2.1.3 Future Climate Prediction (2000–2099)

[22] The evolution of surface climate over the NPI during the 21st century is modeled by applying the downscaling technique described in the previous section using data taken from a single simulation of the ECHAM5 coupled ocean-atmosphere general circulation model [Roeckner et al., 2003] under the A1B emissions scenario. The A1B scenario assumes globalization with a balanced emphasis on all energy sources. Under this scenario, the mean global CO2 concentration by the end of the 21st is approximately twice its pre-industrial value [Houghton et al., 2001]. The available model data are global fields of pressure, temperature, specific humidity and zonal and meridional winds on a global, sigma-level grid of approximately 3.75° resolution, at 6 h intervals for the period 2000–2100. It was possible to process the ECHAM5 data to obtain exactly the same predictor set used to train the statistical downscaling procedure. In order to work correctly, it is important that the predictors derived from ECHAM5 exhibit more or less the same mean values as the Reanalysis in current climate, or else the resulting estimates of the downscaled variables will be biased. A cursory examination of large scale fields over the Patagonia region (not shown) indicates that the ECHAM5 model reproduces the mean climate of the region for the cross-over period 2000–2011 reasonably well, when both ECHAM5 and Reanalysis data are available. The mean values of the ECHAM5 predictors (Table 1) generally have only small biases and these were subtracted before applying the regression equations.

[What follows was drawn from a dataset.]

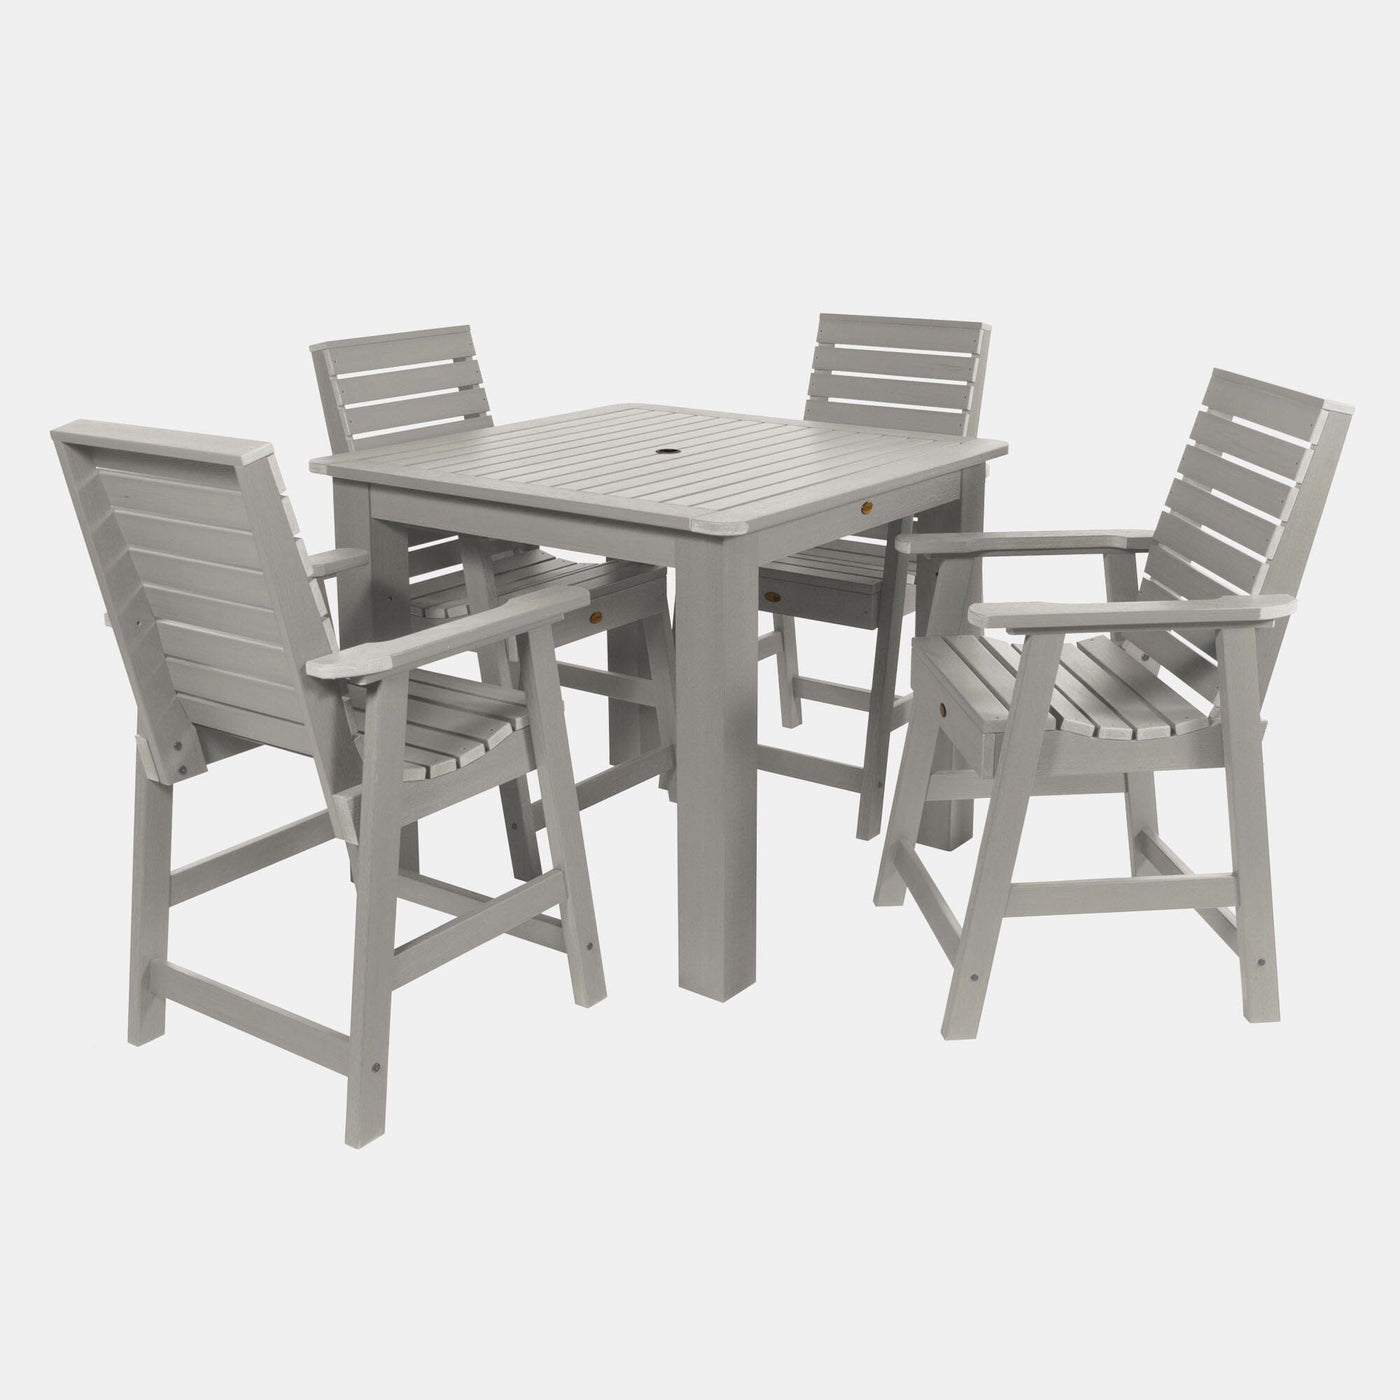 Weatherly 5pc Square Dining Set 42in x 42in- Counter Height Dining Highwood USA Harbor Gray

[23] The downscaling procedure described in the previous section was applied using bias corrected ECHAM5 predictors to generate daily surface data for the period 2000–2100. The precipitation series for the example model grid point used earlier is shown in Figure 3e, where no clear long-term change in annual precipitation may be discerned for this grid point. Figure 4 shows maps of the long-term tendencies in all the meteorological input variables used in the mass balance calculation. Precipitation trends (Figure 4a) are weak over most parts of the NPI, although there is a general spatial pattern of increasing precipitation on the western slopes of the Icefields, and decreasing trends on the main ridges and on the lee side. Overall, the net change in total precipitation over the NPI is small. This behavior is somewhat surprising, as the increasing westerlies predicted by the ECHAM5 model (Table 1) might be expected to lead to higher precipitations over the course of the century. However, it appears that the precipitation increase resulting from stronger moisture fluxes is, to a large extent, canceled out by the effect of increasing low level atmospheric stability upwind of the NPI. Significant increasing temperature trends between 1.5°C and 2.0°C are predicted over all of the NPI for the 21st century (Figure 4b). Incoming solar radiation also shows a significant positive trend (Figure 4c) of between 10–20% over most parts of the NPI.

Figure 4.

Future climate trends for the period 2000–2100 derived from the application of the downscaling procedure to the ECHAM5 data. (left panel) Precipitation and (right panel) incoming solar radiation trends are expressed as the 100 year percentage change with respect to the mean value. (middle panel) Temperature changes are expressed as degrees per 100 years. Trends were calculated from a straight line fit to the annual time series at each model grid points. Grid points, where the trends are statistically significant (P=0.05), are marked with a cross.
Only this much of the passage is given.